"At what sample size do correlations stabilize?", Schönbrodt & Perugini 2013 http://www.psy.lmu.de/allg2/download/schoenbrodt/pub/stable_correlations.pdf
Sample correlations converge to the population value with increasing sample size, but the estimates are often inaccurate in small samples. In this report we use Monte-Carlo simulations to determine the critical sample size from which on the magnitude of a correlation can be expected to be stable. The necessary sample size to achieve stable estimates for correlations depends on the effect size, the width of the corridor of stability (i.e., a corridor around the true value where deviations are tolerated), and the requested confidence that the trajectory does not leave this corridor any more. Results indicate that in typical scenarios the sample size should approach 250 for stable estimates.

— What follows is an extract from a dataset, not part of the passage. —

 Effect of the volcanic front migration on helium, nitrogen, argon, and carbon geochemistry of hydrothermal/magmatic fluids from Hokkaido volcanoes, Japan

...Consider, for example, a correlation of r = .40 in a sample of 25 participants. This correlation is significantly different from zero (p=.047). Hence, it might be concluded with some confidence that there is "something > 0" in the population, and the study would be counted as a success from the NHST perspective. However, plausible values of the true correlation ρ, as expressed by a 90% confidence interval, range from .07 to .65. The estimate is quite unsatisfactory from an accuracy point of view – in any scenario beyond the NHST ritual it will make a huge difference whether the true correlation in the population is .07, which would be regarded as a very small effect in most research contexts, or .65, which would be a very large effect in many contexts. Moreover, precise point estimates are relevant for a priori sample size calculations. Given the huge uncertainty in the true magnitude of the effect, it is hard to determine the necessary sample size to replicate the effect (e.g., for an intended power of 80% and ρ = .07: n = 1599 [!]; ρ = .40: n = 46; and for ρ = .65: n = 16).

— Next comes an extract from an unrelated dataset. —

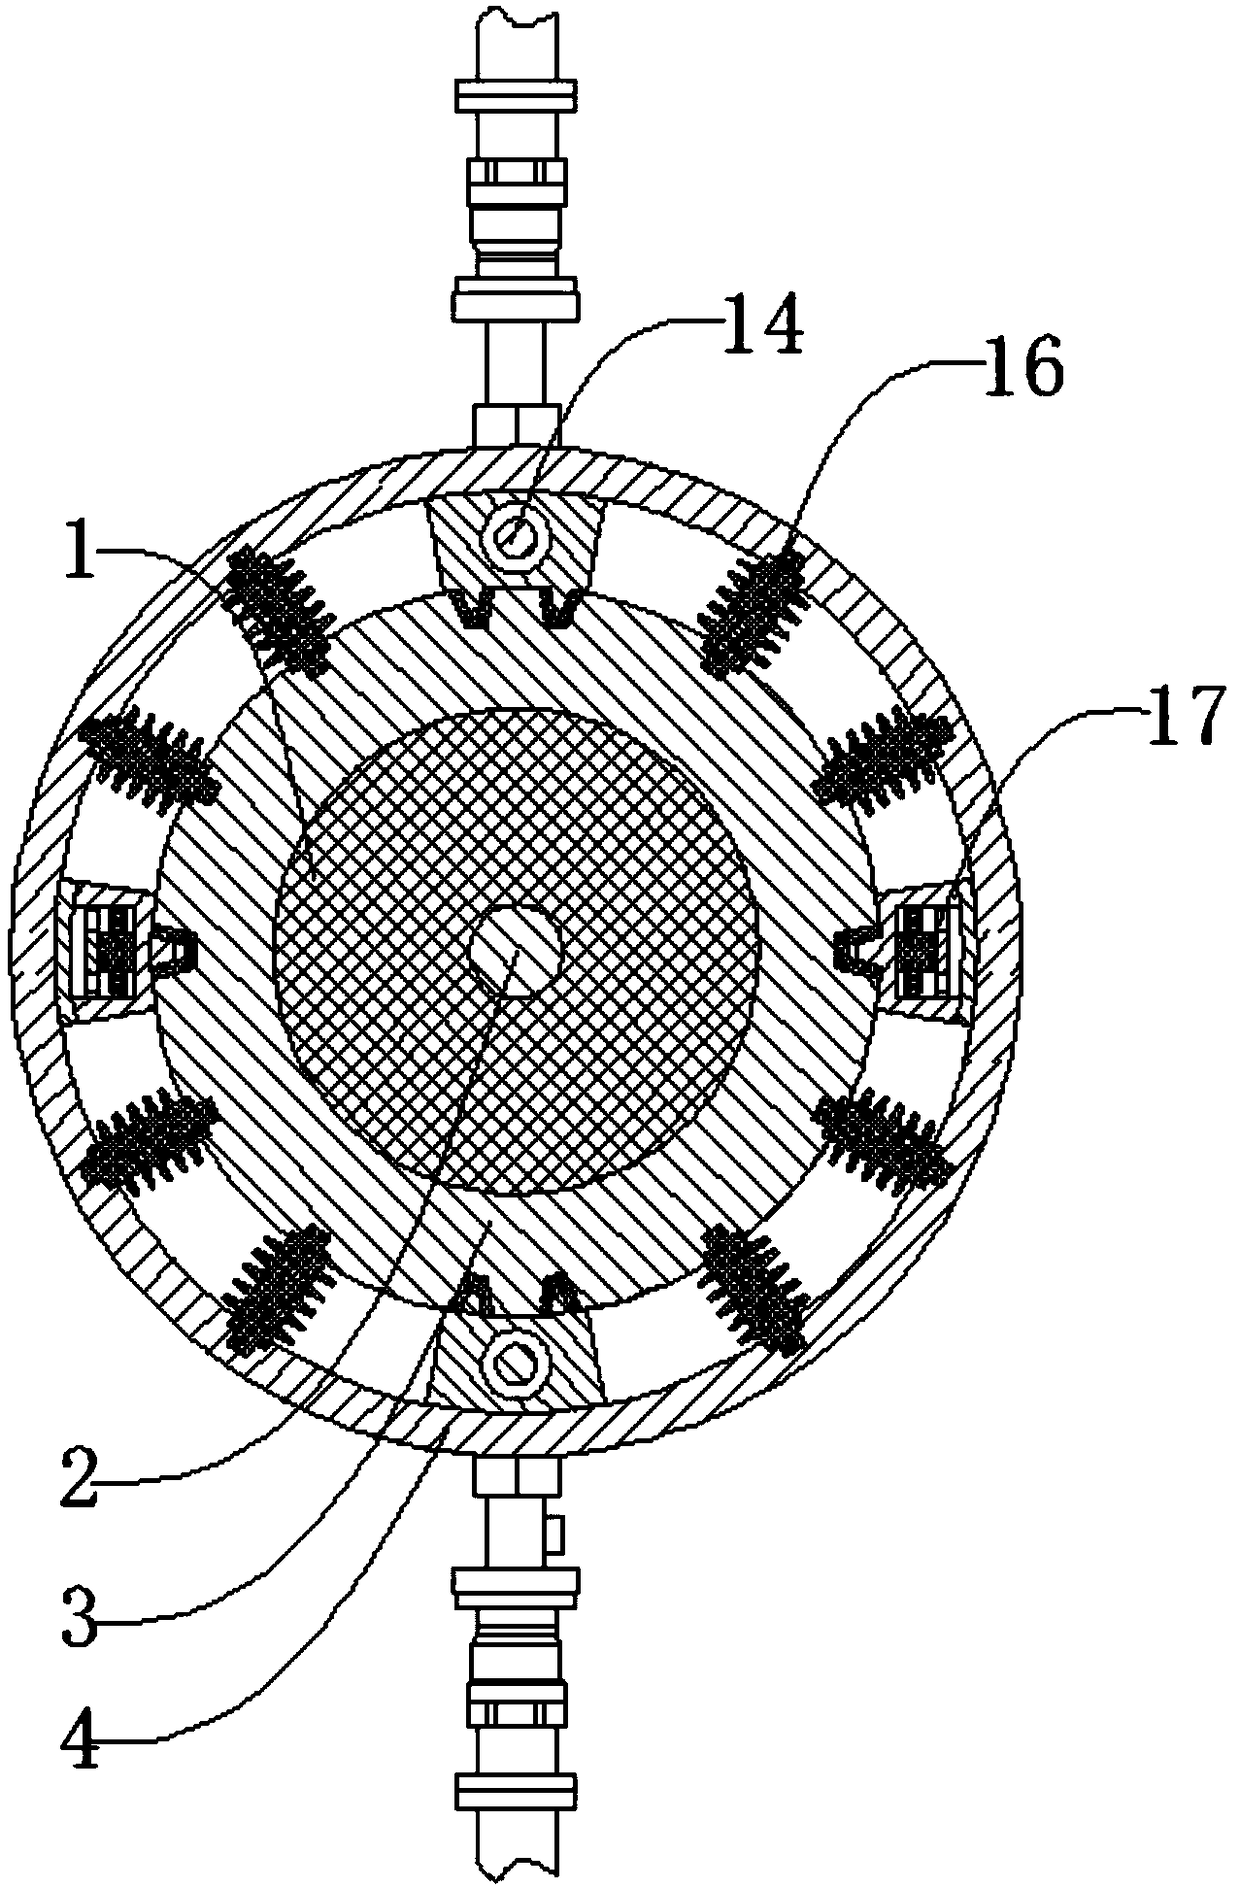 High-efficiency heat-dissipating water-cooled motor

...the following empirical example demonstrates. Multiple questionnaire scales have been administered in an open online study (Schönbrodt & Gerstenberg, 2012; Study 3). The thick black line in Figure 1 shows the evolution of the correlation between two scales, namely “hope of power” and “fear of losing control” when after each new participant the correlation is recalculated. It can be seen that the correlation evolved from r = .69 (n = 20, p < .001) to r = .26 (n = 274, p < .001). From a visual inspection, the trajectory did not stabilize up to a sample size of around 150. Data have not been rearranged – it is simply the order how participants dropped into the study. Some other correlations in this data set evolved from significantly negative to non-significant, others changed from one significant direction into the significant opposite, and some correlations were stable right from the beginning with only few fluctuations around the final estimate. But how do we get to know when a correlation estimate is sufficiently stable?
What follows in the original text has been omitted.